For actual phenomenological applications, to be able to study the
event shape distribution over its full range, it is necessary to match
the resummed calculation to fixed-order results. There exist well
established techniques in $\ee$, however for a variety of technical
reasons they cannot be directly applied to the DIS case. So in
section~\ref{sec:MatchingMain} we examine the modifications that are
necessary as well as elaborating on a matching scheme proposed in
\cite{DIStauz} (here named $M$-matching) and introducing a new scheme
which we call $M_2$ matching.

A final element in the prediction of event shape distributions is
the non-perturbative correction. For most variables this is quite
straightforward, being a simple shift of the distribution over most of
its range \cite{KorchemskySterman,DokWebShift}. However for the
broadening, as is calculated in section~\ref{sec:NP}, in close analogy
with the $\ee$ case \cite{BroadPower}, the effect of the
non-perturbative correction is also to squeeze the distribution. One
interesting consequence of this is that the power correction to the
mean broadening acquires an $x$-dependent component, which has been
noticed experimentally by the ZEUS collaboration \cite{H1ZeusConf}.

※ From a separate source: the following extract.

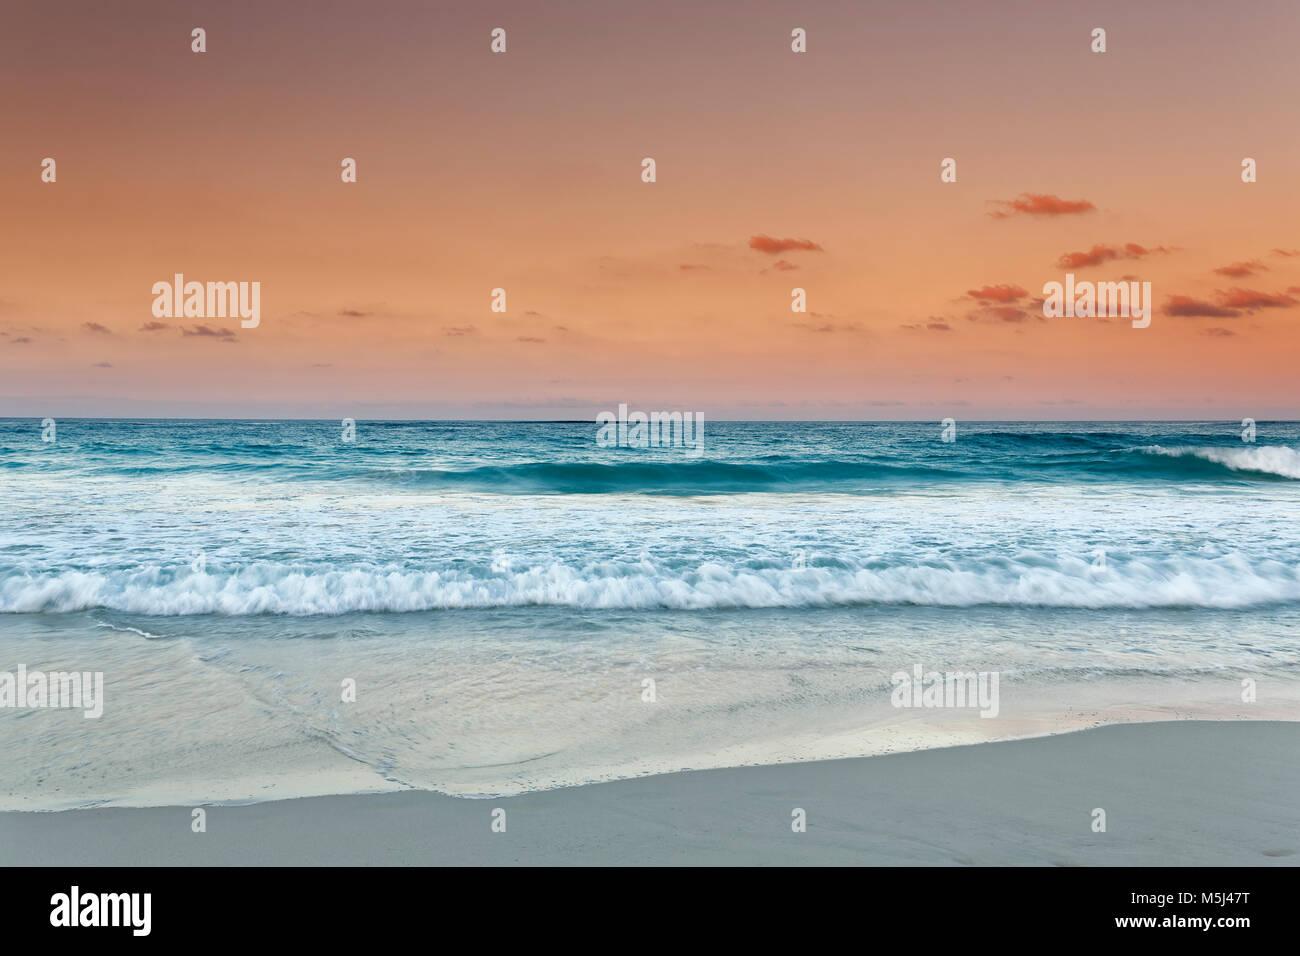 El Caribe, República Dominicana, Punta Cana, Playa Bávaro, vistas al mar al atardecer Imagen De Stock
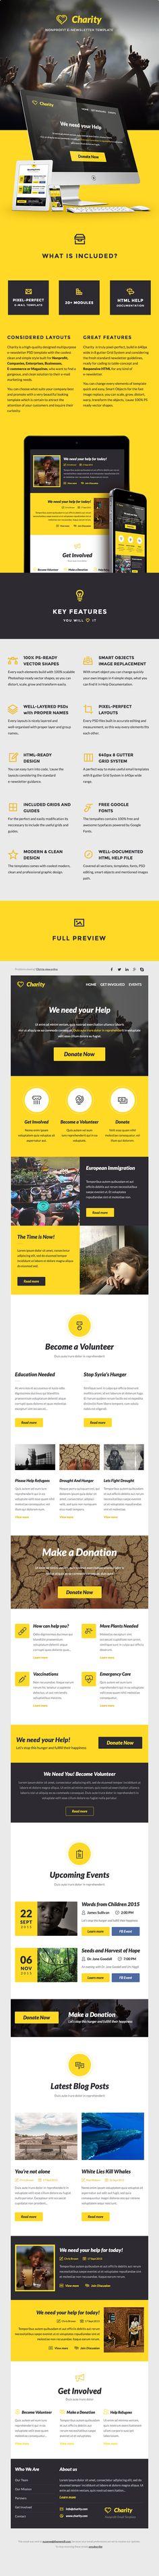 121 best non profit e newsletter images on pinterest non profit

Given all these ingredients we are therefore able for the first time,
in section~\ref{sec:Results}, to show a comparison of a resummed,
matched and power-corrected distribution to DIS event shape data
\cite{H1NewData}. In that section we also show how the resummed
results compare to the exact fixed order calculation and examine the
effect of the standard and improved resummations. Forthcoming work
\cite{DSDIS} will give a more detailed analysis of the data, for a
range of observables including the broadening.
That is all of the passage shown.